Otra buena señal para demostrar la escasez educacional en Estados Unidos es su manía de englobar de manera arbitraria a la misma cultura, sólo porque no tienen la capacidad de diferenciar una cosa de la otra. Una de las expresiones y manifestaciones más afectadas por estos parámetros es la música internacional, la cual en Estados Unidos pasa por default a formar parte de un concepto tan absurdo como es el World Music. Vaya, para los oídos americanos, el hip hop de Asian Dub Fundation (Inglaterra/India), la remezcla de banda y electrónica del colectivo Nortec (de México) o la música tradicional de Cesaria Evora (Cabo Verde), es exactamente lo mismo. Esto viene a colación porque en ¿Bailamos? los latinos son los que por antonomasia deben de saber mover la patita con mucho sabor, mientras se escucha salsa, lambada o tango; los negros son los que tendrán el ritmo, y los europeos son los que dominan los bailes de salón; todo esto mientras el patético y aburrido abogado blanco de los suburbios John Clark (Richard Gere) trata de aprender a bailar para salir de su agobiante rutina en donde no recibe la atencion de su esposa Beverly (Susan Sarandon), su hija Tamara (Jena Clark) cree que es muy viejo y su trabajo, dando las noticias de las herencias a las familias, lo está obligando a cuestionarse qué es lo que se necesita para realmente ser feliz.

Lo malo es que para John cualquier baile es lo mismo, no aprendiendo de la verdadera pasión que significa estar en la pista de baile. Nuevamente sucede con esta cinta el miedo de no dar un buen paso doble hacia otras cosas. En este caso, la cinta durante gran parte nos da a entender que la necesidad de aprender baile por parte de John es para sentir un respiro y olvidarse de su familia, por lo que creemos que lo más conveniente es una rebelión de su parte. Pero al parecer para Hollywood no es muy correcto el rompimiento familiar y al fin y al cabo todo esto es una prueba de amor para su odiosa esposa. Inaudito o no, esto es algo que sólo en Hollywood puede suceder.

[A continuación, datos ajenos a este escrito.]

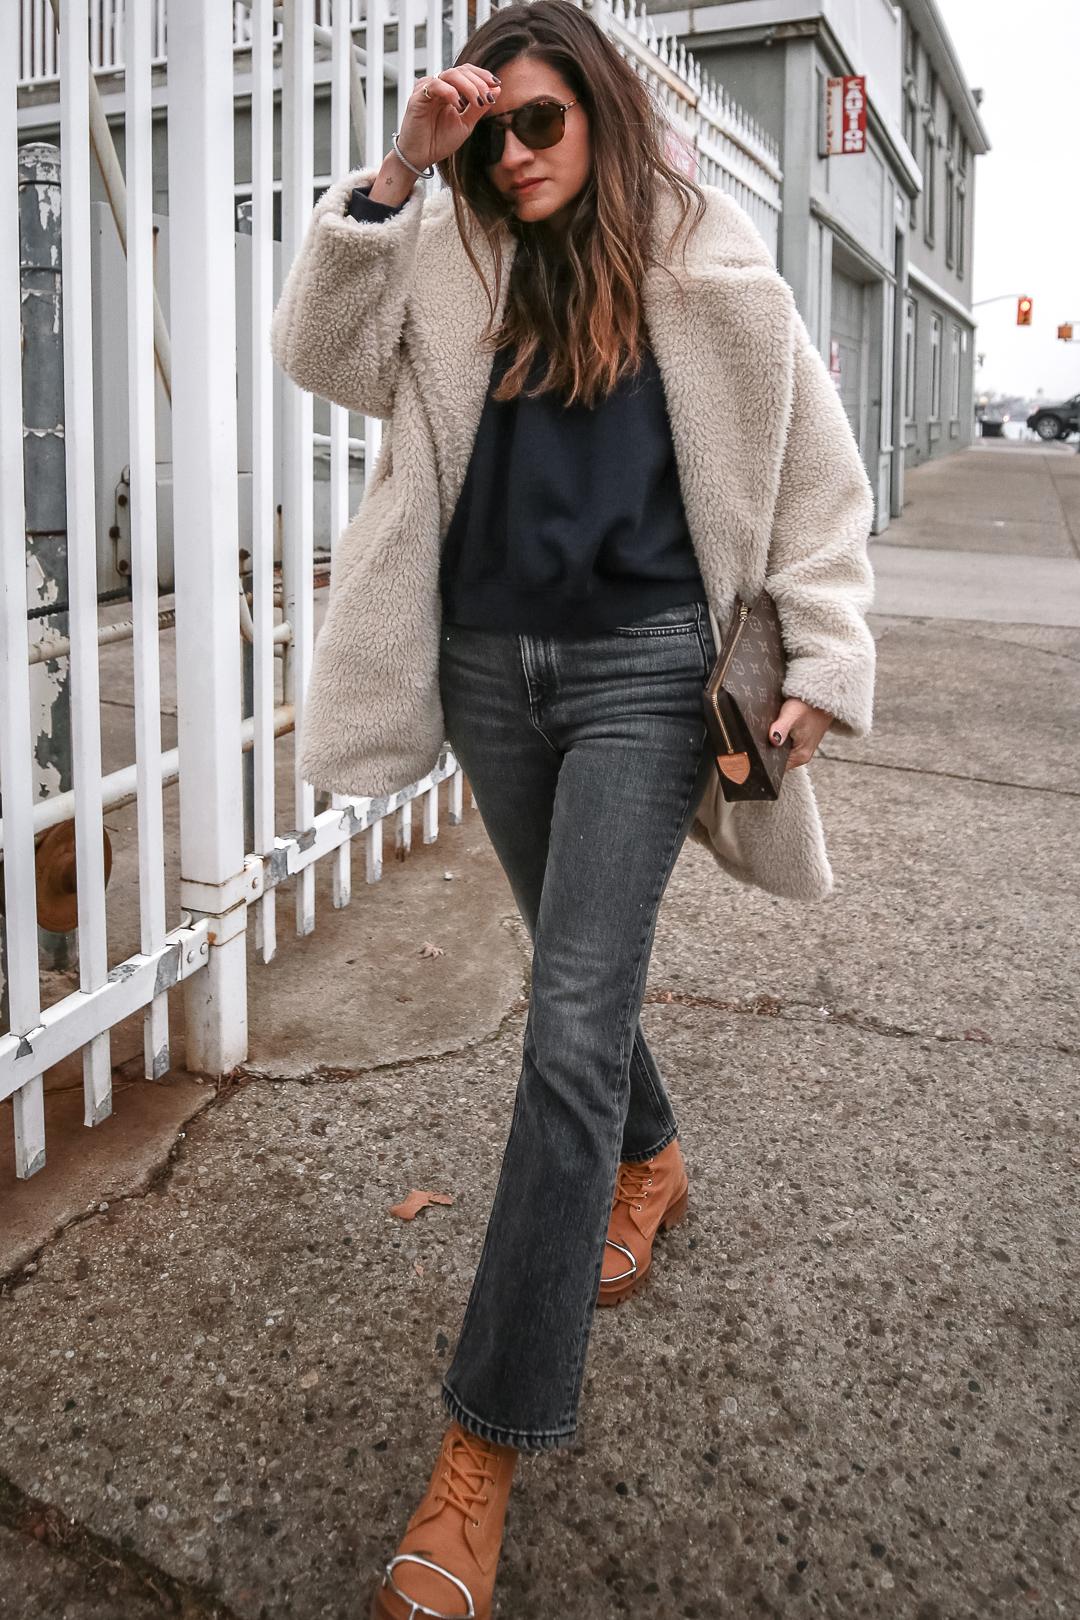 Nathalie Martin - Louis Vuitton Toiletry Pouch clutch 19, navy sweatshirt, Topshop teddy bear coat, Rag & Bone Hana cropped flared jeans, Alexander Wang Lyndon combat boots, casual street style, woahstyle.com_4831.jpg

Sitio Oficial: http://www.mgm.com/wickerpark

¿BAILAMOS?
(Shall We Dance?)
Dirección Peter Chelsom; Guión: Audrey Wells, basado en Shall We Dansu? de Masayuki Suo; Producción: Simon Fields; Fotografía: John de Borman; Música: John Altman y Gabriel Yared; Edición: Charles Ireland; Compañías Productora Miramax; Compañía Distribuidora: Columbia Tristar Pictures; Con: Richard Gere (John Clark), Jennifer Lopez (Paulina), Stanley Tucci (Link Peterson), Lisa Ann Walter (Bobbie), Omar Benson Miller (Vern), Bobby Cannavale (Chic), Anita Gillette (Mitzi), Susan Sarandon (Beverly Clark) y Tamara Hope (Jenna Clark)
Estados Unidos, 2004, 106 min.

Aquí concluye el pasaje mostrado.